In 2006, to gain an understanding of the future of logistics, Parker Hannifin completed their first centre of gravity study in Europe. Since that time, Parker Hannifin has seen tremendous growth through acquisitions, adding approximately 50% more locations, says Dirk Falkenreck, EMEA Distribution & Value Add Center Manager at Parker Hannifin.
The increased organisational complexity drove Parker Hannifin to create a vision for 2025 and identify areas for improvement. With over 60 Finished Goods (FG) warehouses in Europe and a need to simplify, Parker wanted to better understand innovation, optimisation, and how they could leverage robotics to increase efficiencies and improve customer service.
“We wanted to create a better customer experience and explore the future for our footprint in Europe,” said Falkenreck.
That was when Miebach Consulting Group jumped on board. “We structured the project into three phases. The first phase consisted mainly of data crunching and assessment of Parker’s complex network. The second phase dug into network alternatives to identify potential areas for cost, risk, resilience, sustainability, and network improvements. Last but not least, the third phase consisted of establishing the business case,” explained Falkenreck.
“In the end, Parker looked at over 800 scenarios to evaluate all the possibilities in the Parker Hannifin network to capture and commingle all the different possible network alternatives into one final recommendation.” Miebach interviewed stakeholders to identify supply chain requirements, and after a great amount of analysis, Parker Hannifin reached a final solution.
Falkenreck continued, “There was a very professional approach which I really appreciated. The atmosphere of the project team was just amazing. There was always a willingness to react to demands or changes in the project. As we all know, the journey is never straightforward, there can be surprises, and we get input from here and there. The flexibility Miebach showed enabled us to achieve the results that we did.”
After running the centre of gravity study, Parker Hannifin set the objective of streamlining its EMEA warehouse structure, presenting the need to significantly consolidate logistics activities into centres.

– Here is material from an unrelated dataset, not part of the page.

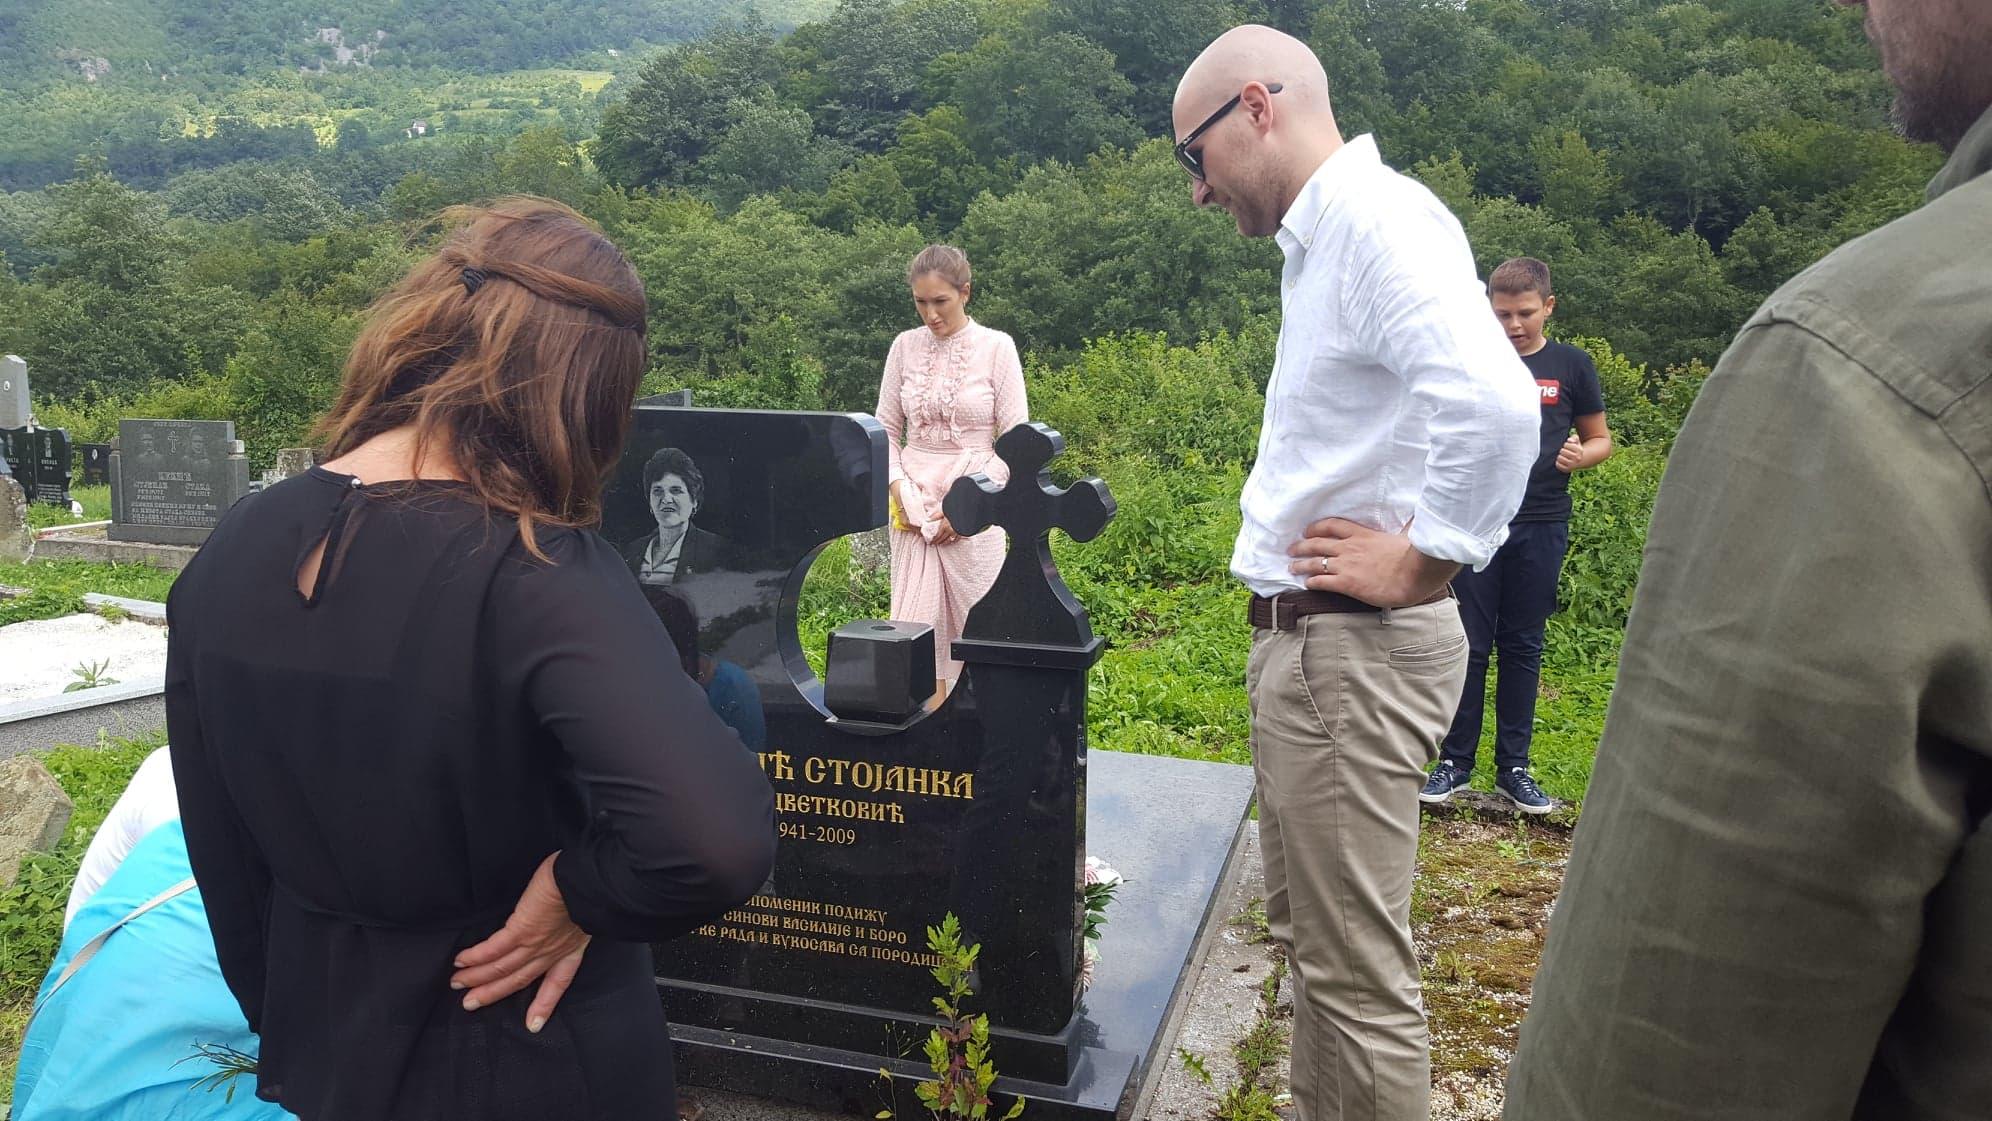 Preživjeli članovi porodice Klanco na grobu Vukosavine majke: Pobijedila je ljubav, a ne mržnja i zlo - Avaz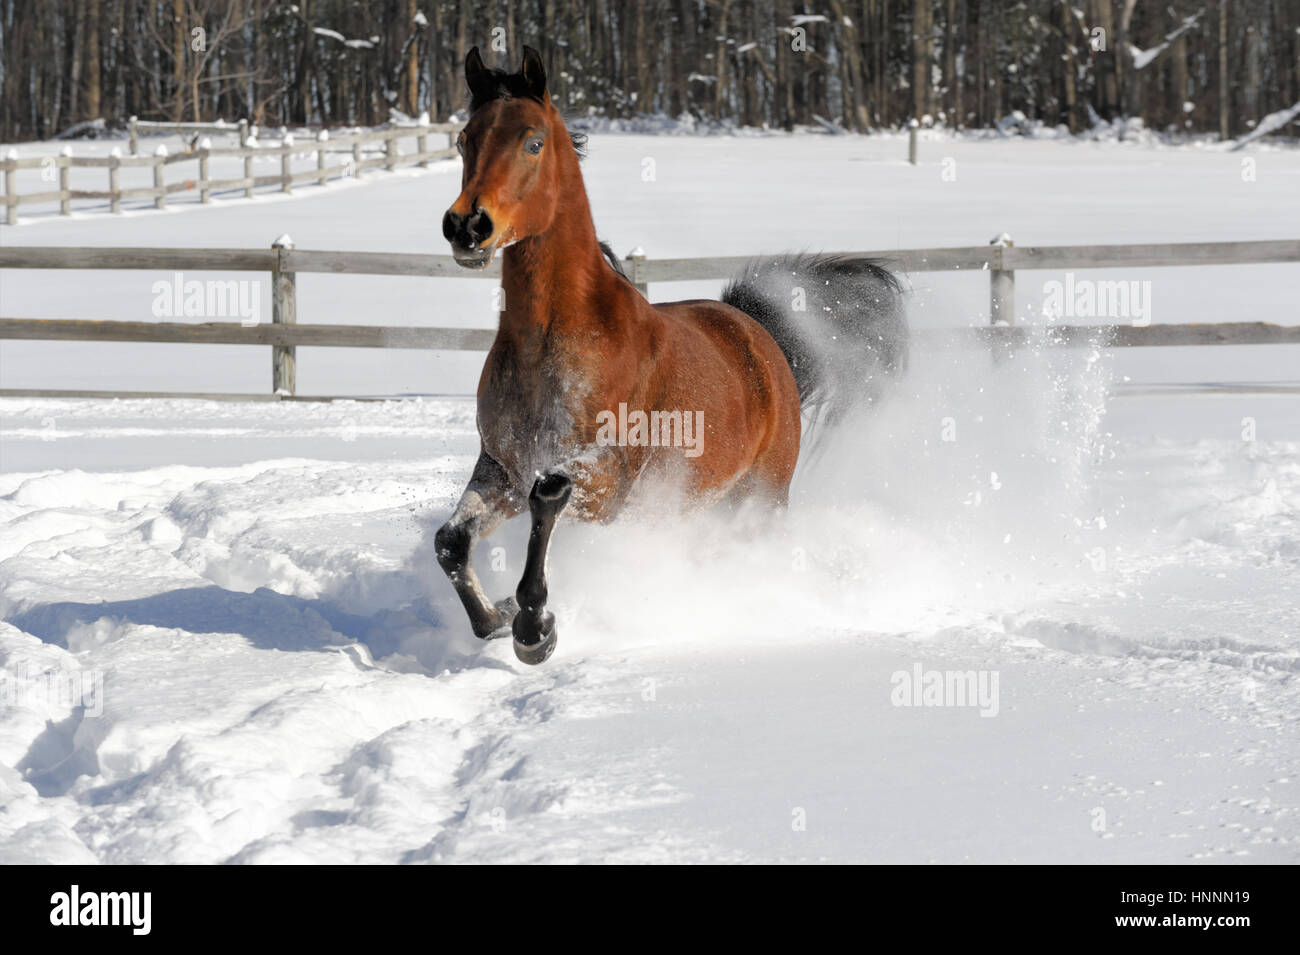 Arabian Bay horse exubérante et tronçonnage en poudreuse profonde dans une zone clôturée, éclairée par le champ d'hiver. Cheval marron avec une crinière noire de pied, USA Banque D'Images

This drove a need for warehouse excellence and increasing efficiencies within the facilities.
All together, Parker Hannifin ended up with more than 20 football fields worth of common warehouse activities, which could be reduced by 30 to 40 per cent and increase the manufacturing footprint.
“Stabilizing the network also allowed us to better service customers in an uncertain world – for example, with changes such as Brexit. It has been proven that the stable network we developed enabled us to mitigate potential risks, ensuring they didn’t impact our final customer. In the end, we realised a reduction in transportation activities and lowered transportation costs while increasing reliability,” said Falkenreck.
Parker Hannifin expects that reducing the complexity of the overall network will help them to streamline and simplify workflows across the organisation and further improve customer service.
Falkenreck says that Miebach’s valuable support and guidance were key to Parker Hannifin achieving the results they did. Miebach played a key role in helping Parker Hannifin to manage and align stakeholders, communicating objectives and getting buy-in so they would be open to working collaboratively on new ideas and approaches. This allowed for a quick kick-off and fast and effective deployment of tactics.
Looking forward, Falkenreck explains the results of the centre of gravity study and the vision for 2025. “It’s a map for our organisation to achieve, consisting of multiple layers of dimensions we have to deal with, such as the workforce, innovation, mobile infrastructure and the systems landscape and the rest of the IT world, which plays a key role. And then, of course, the deployment of the centre of gravity study, so there are multiple layers we have to consider and accomplish in the next couple of years.”